The human liver of gestational age of
16–22 weeks is a hematopoietic organ
with relatively high contents of immature
multipotent cells [5]. Evidence is
accumulating that fetal hematopoietic
tissues contain the stem cells capable of
ameliorating functional neurological
defects [15]. These cells are able to be
differentiated into neurons and astrocytes
[3] and [7], and may contribute to
neovascularization of ischemized tissues
[12]. Moreover, they are able to inhibit
scar connective tissue development [11].
In general, to our opinion, the cell
transplantat composed of various types of
stem and progenitor cells may be much more
effective in repairing an injured tissue
in comparison with the transplantat
consisting only of one type of stem or
progenitor cells.
Noticeable benefits from CT-based
technologies in treating have been
previously noted in patients with ultimate
(chronic) consequences of traumatic brain
injury [14] and [17], when not only prime,
but also second, injury-induced,
pathological processes may be already
developed.

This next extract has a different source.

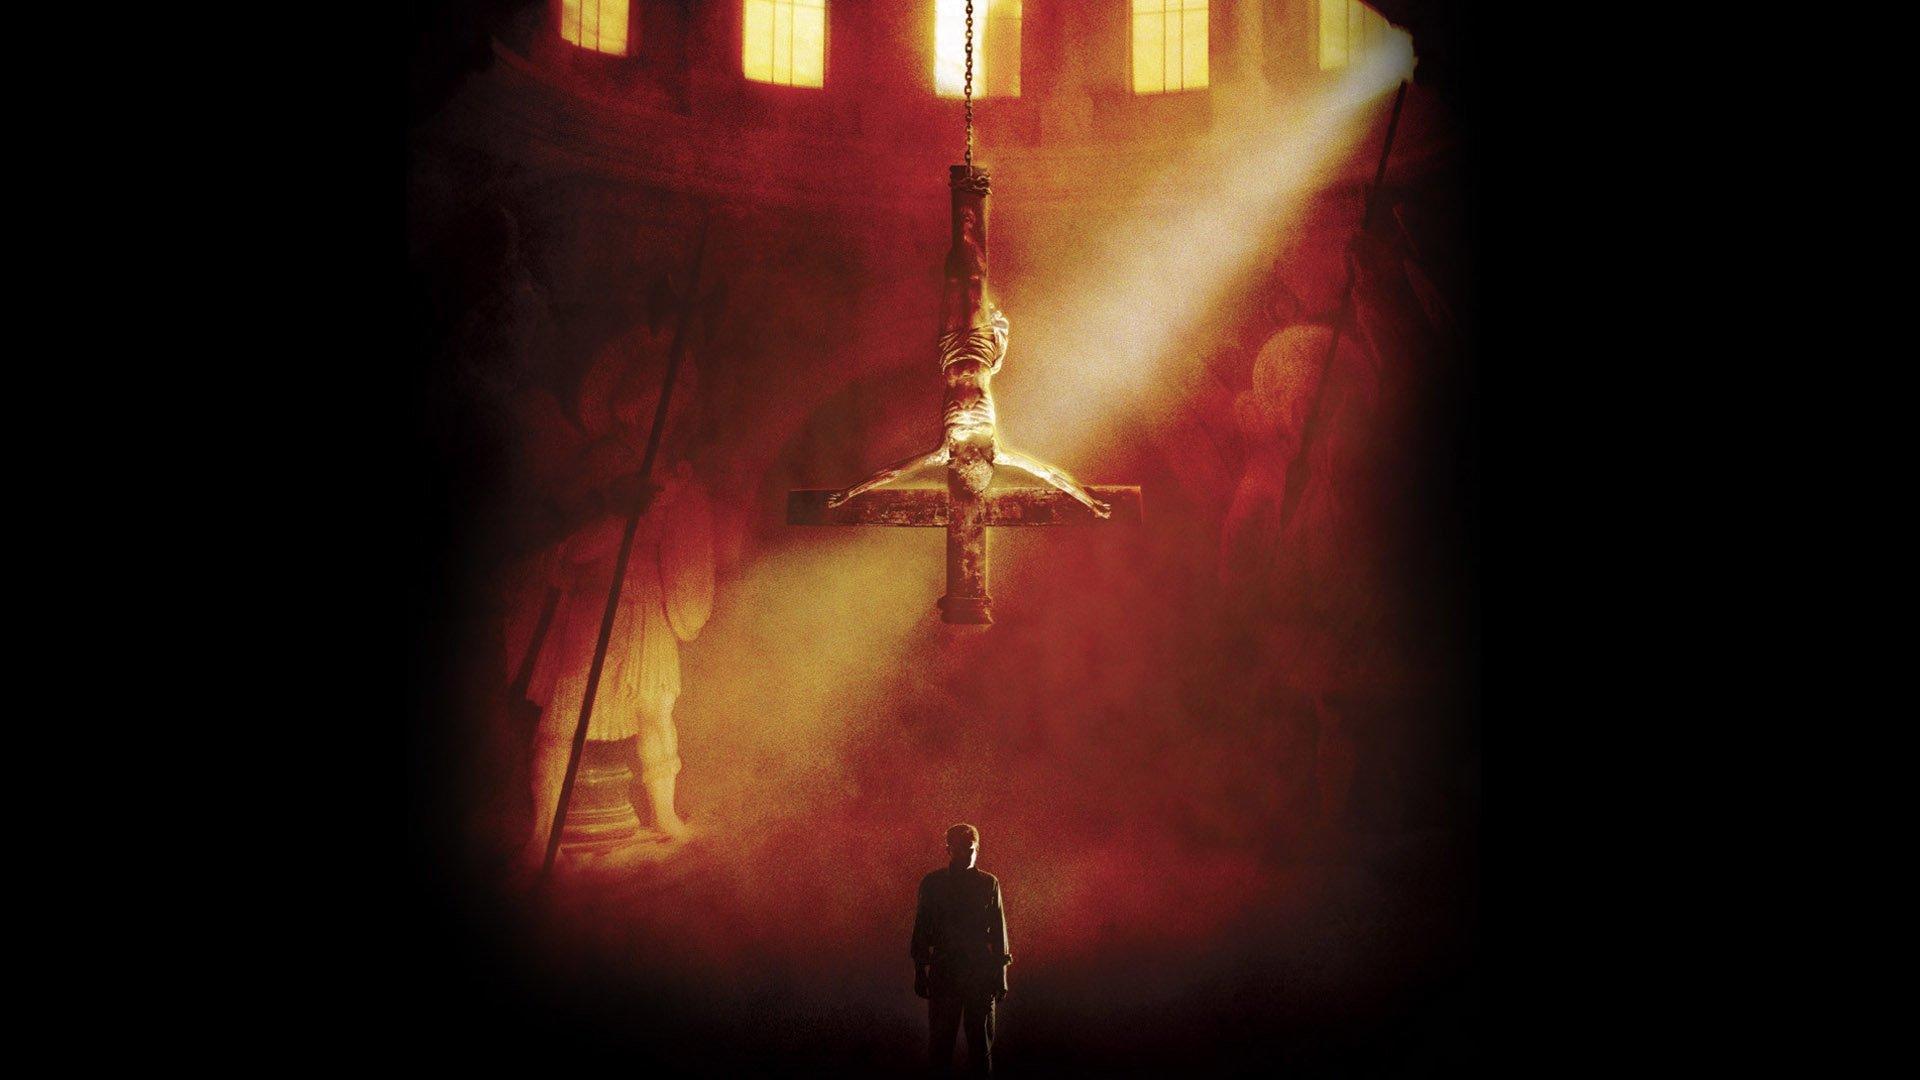 Exorcist: The Beginning - Az Ördögűző: A kezdet (2004)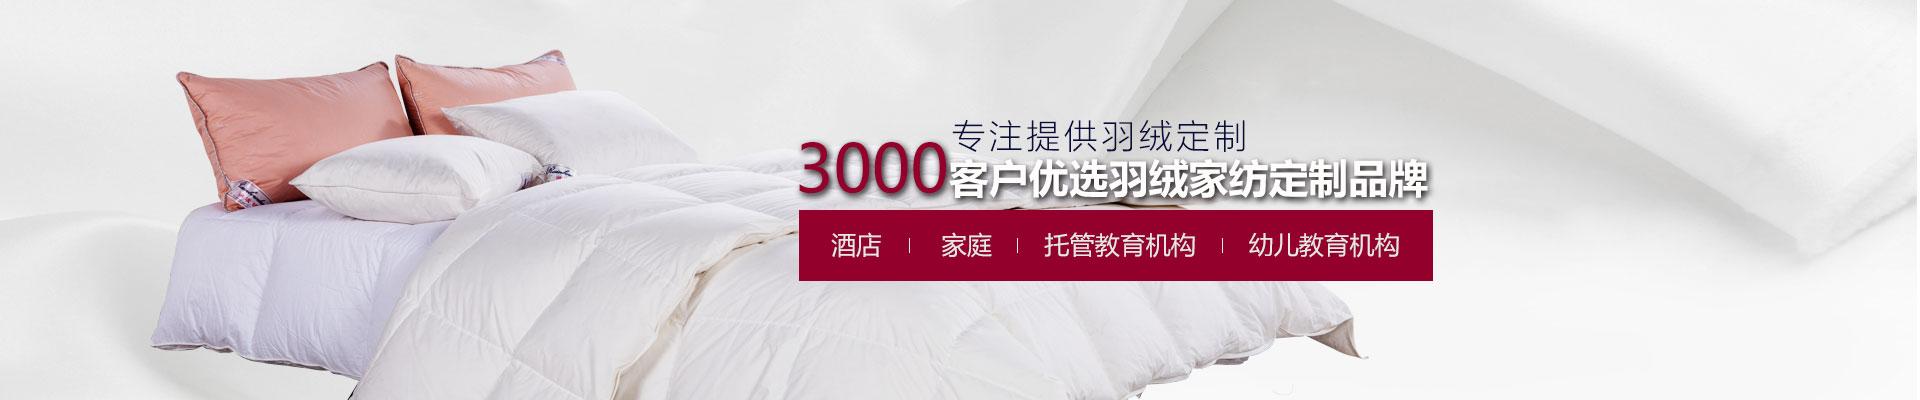 润波顿-3000+客户优选羽绒家纺定制品牌

Induction of donor-specific
immune reactions was found in part of
these patients. At the same time no
laboratory and clinical signs of
developing tissue-destructive, autoimmune
processes were observed [17].
The date presented in this paper suggest
clinical reasonability of using CT therapy
for a severely head-injury as early as
within acute period of a disease, when a
patients is unconscious. Such timely
treatment is likely to be able to
prevent/reduce the development of the
second pathological processes that are
disabling and potentially
life-threatening. Importantly, no serious
complications which might limit
application of CT-based technologies in
head-injured patients were noted.
On the whole the results presented in this
paper are undoubtedly promising. Although
much greater clinical experience is needed
to determine a place and clinical
relevance of CT-based therapy in overall
complex treatment of the patients with
brain. It is reasonable to anticipate that
developing CT-based approaches may provide
much progress in the management of
multiple neurological diseases including
those which are now considered as
uncurable. Novel techniques of preparation
and propagation of multi- and unipotent
cells, which are being now actively
developed, enable to solve not only
technical, but also ethical problems
confronting progress in cell
transplantology (reviewed in [3]) and,
thereby, may promote widespread adoption
of CT-based advances in clinical practice.